## Work item
Although the material holds pictures, none belong in the copy; transcribe exactly, and only, the lines from the one with "Leo Pavlát píše" through the end.

## Dataset excerpt
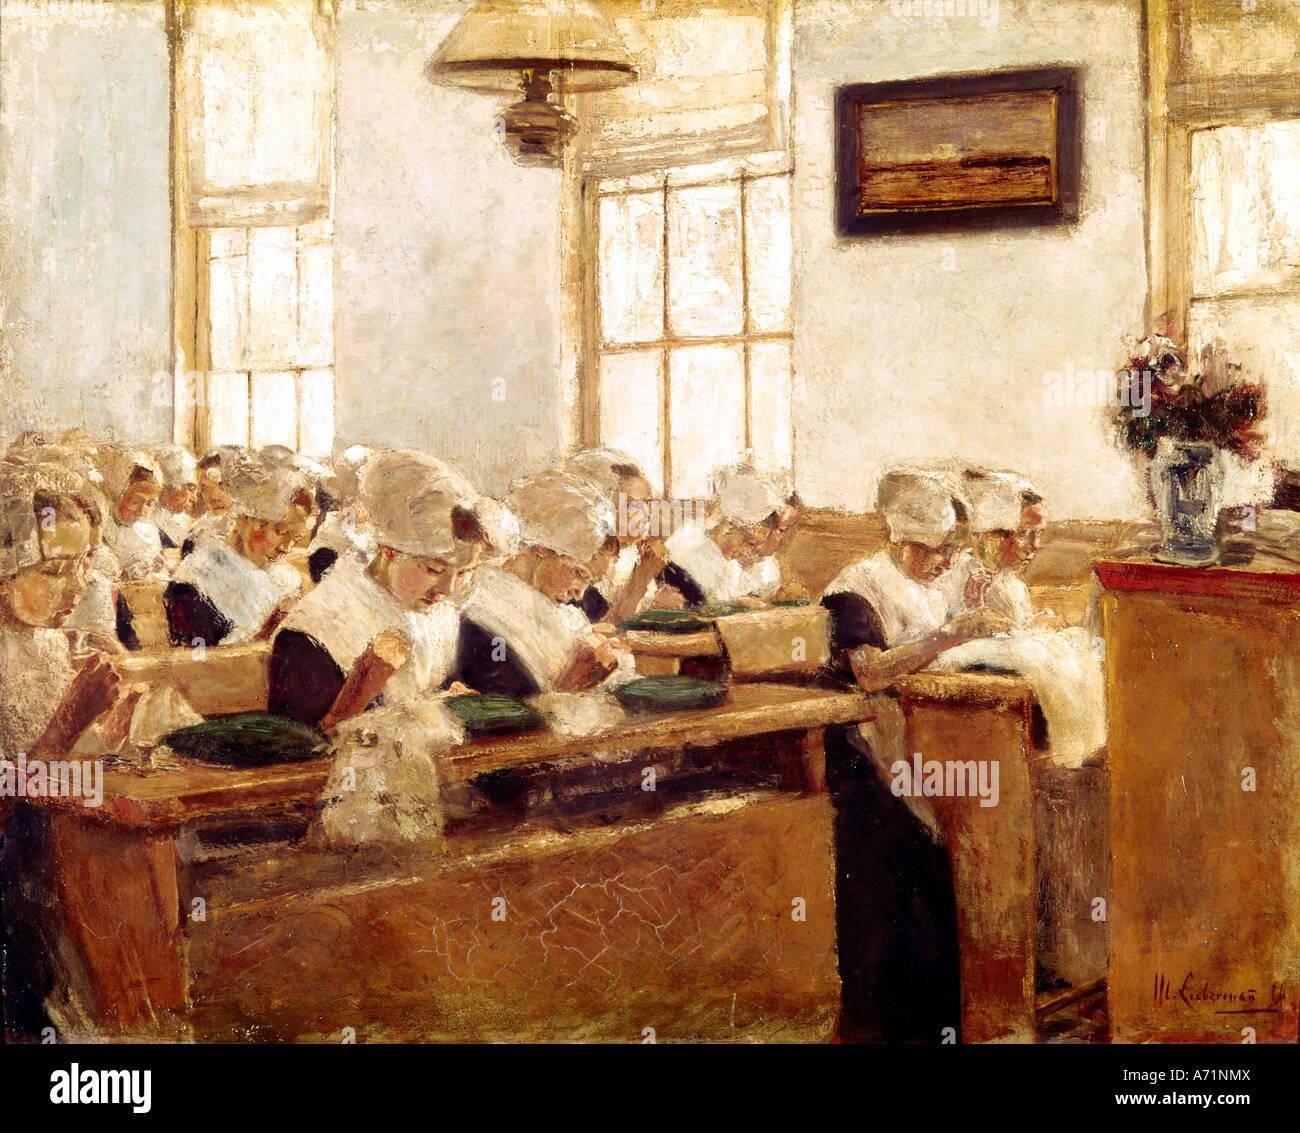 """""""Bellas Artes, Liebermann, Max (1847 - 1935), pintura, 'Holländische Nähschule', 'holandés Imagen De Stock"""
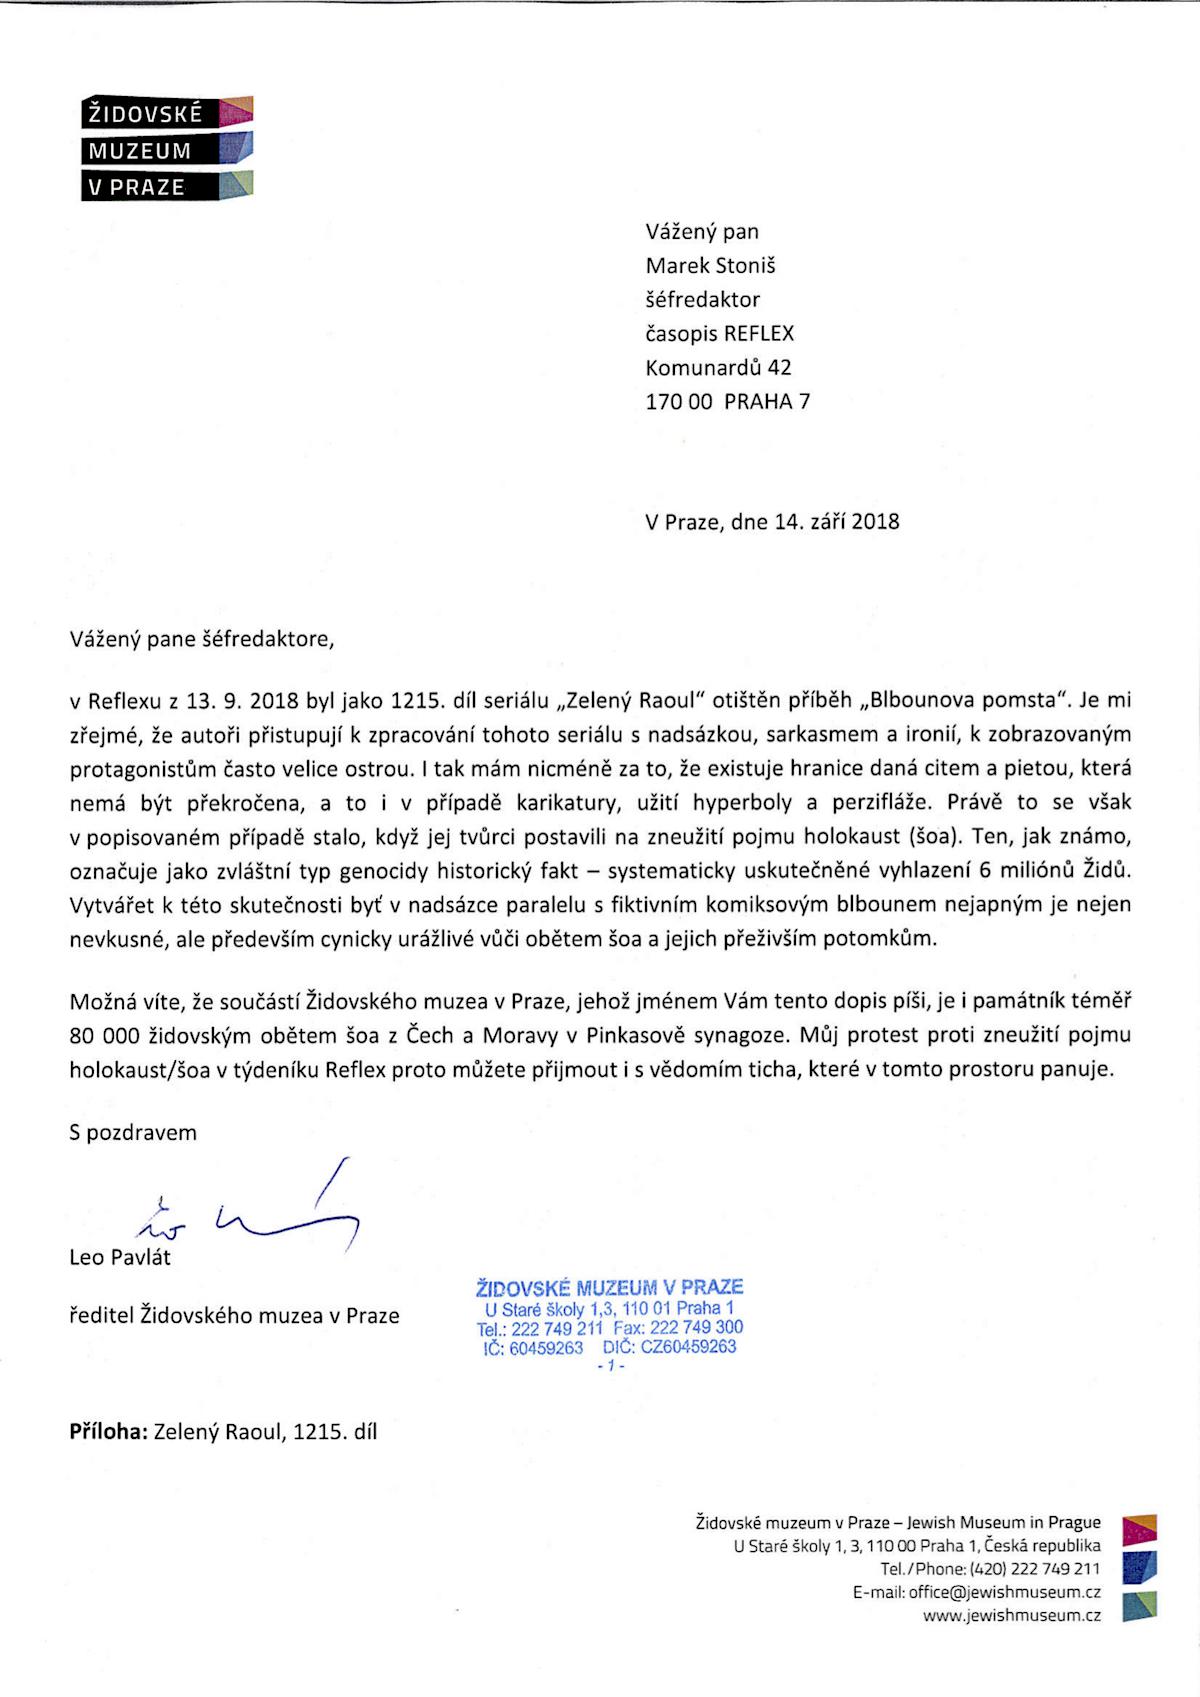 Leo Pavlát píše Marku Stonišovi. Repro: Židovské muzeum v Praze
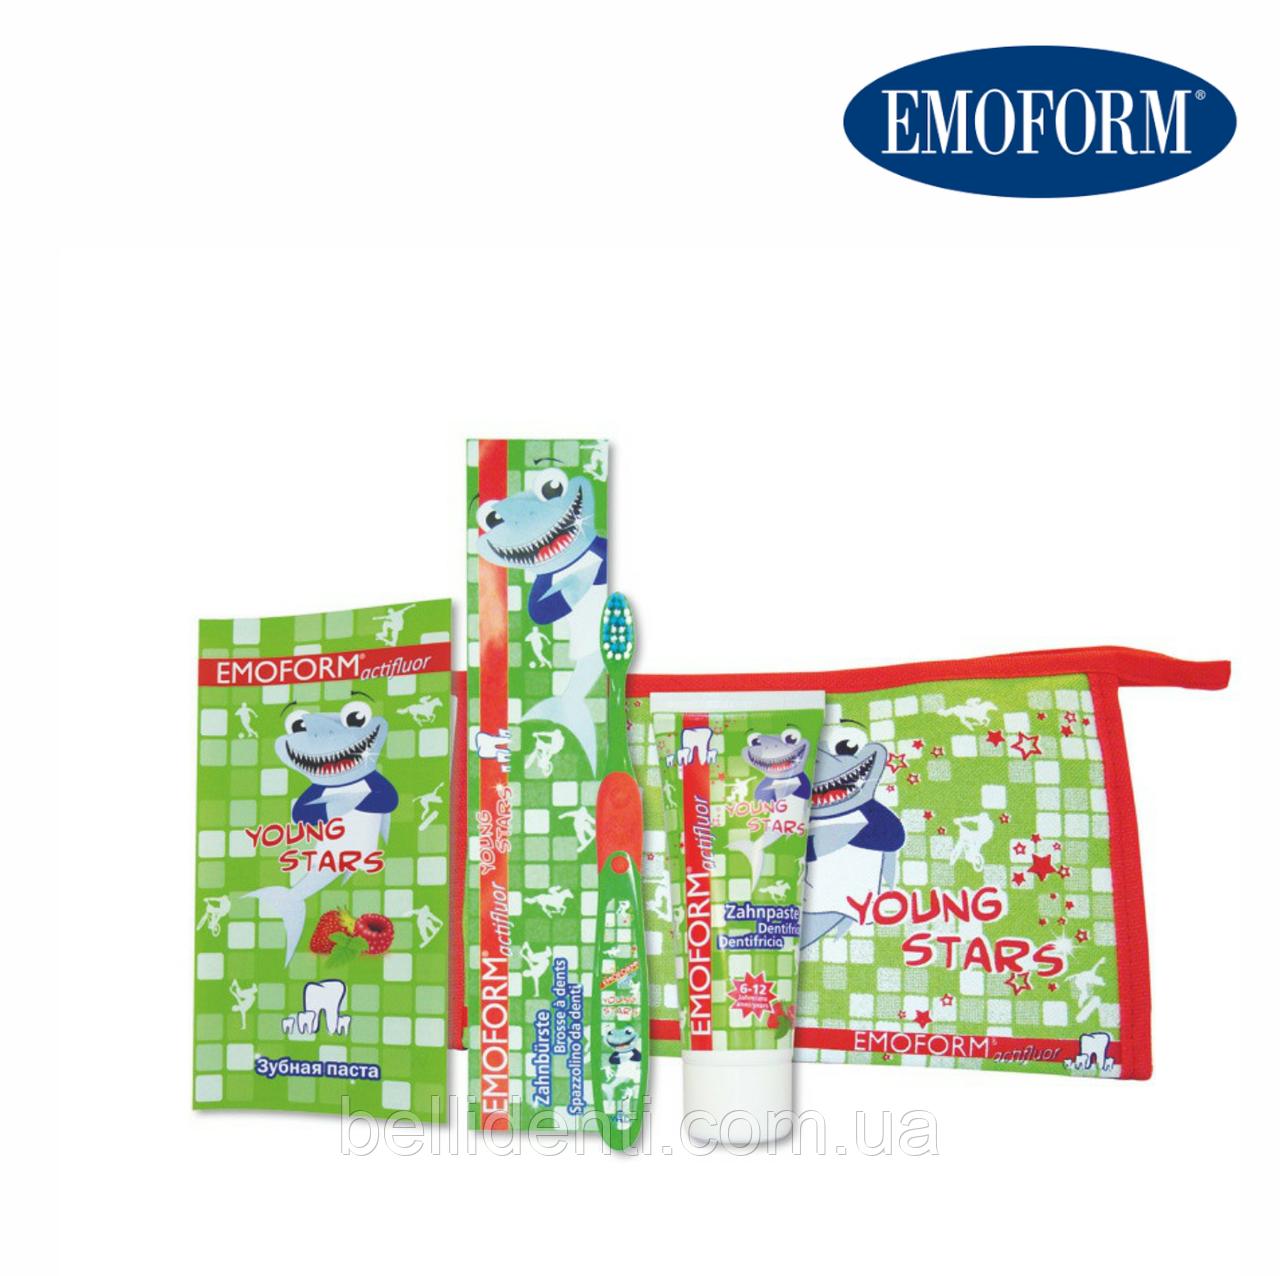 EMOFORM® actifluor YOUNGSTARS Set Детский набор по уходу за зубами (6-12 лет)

## Output of the task
 Leo Pavlát píše Marku Stonišovi. Repro: Židovské muzeum v Praze
 EMOFORM® actifluor YOUNGSTARS Set Детский набор по уходу за зубами (6-12 лет)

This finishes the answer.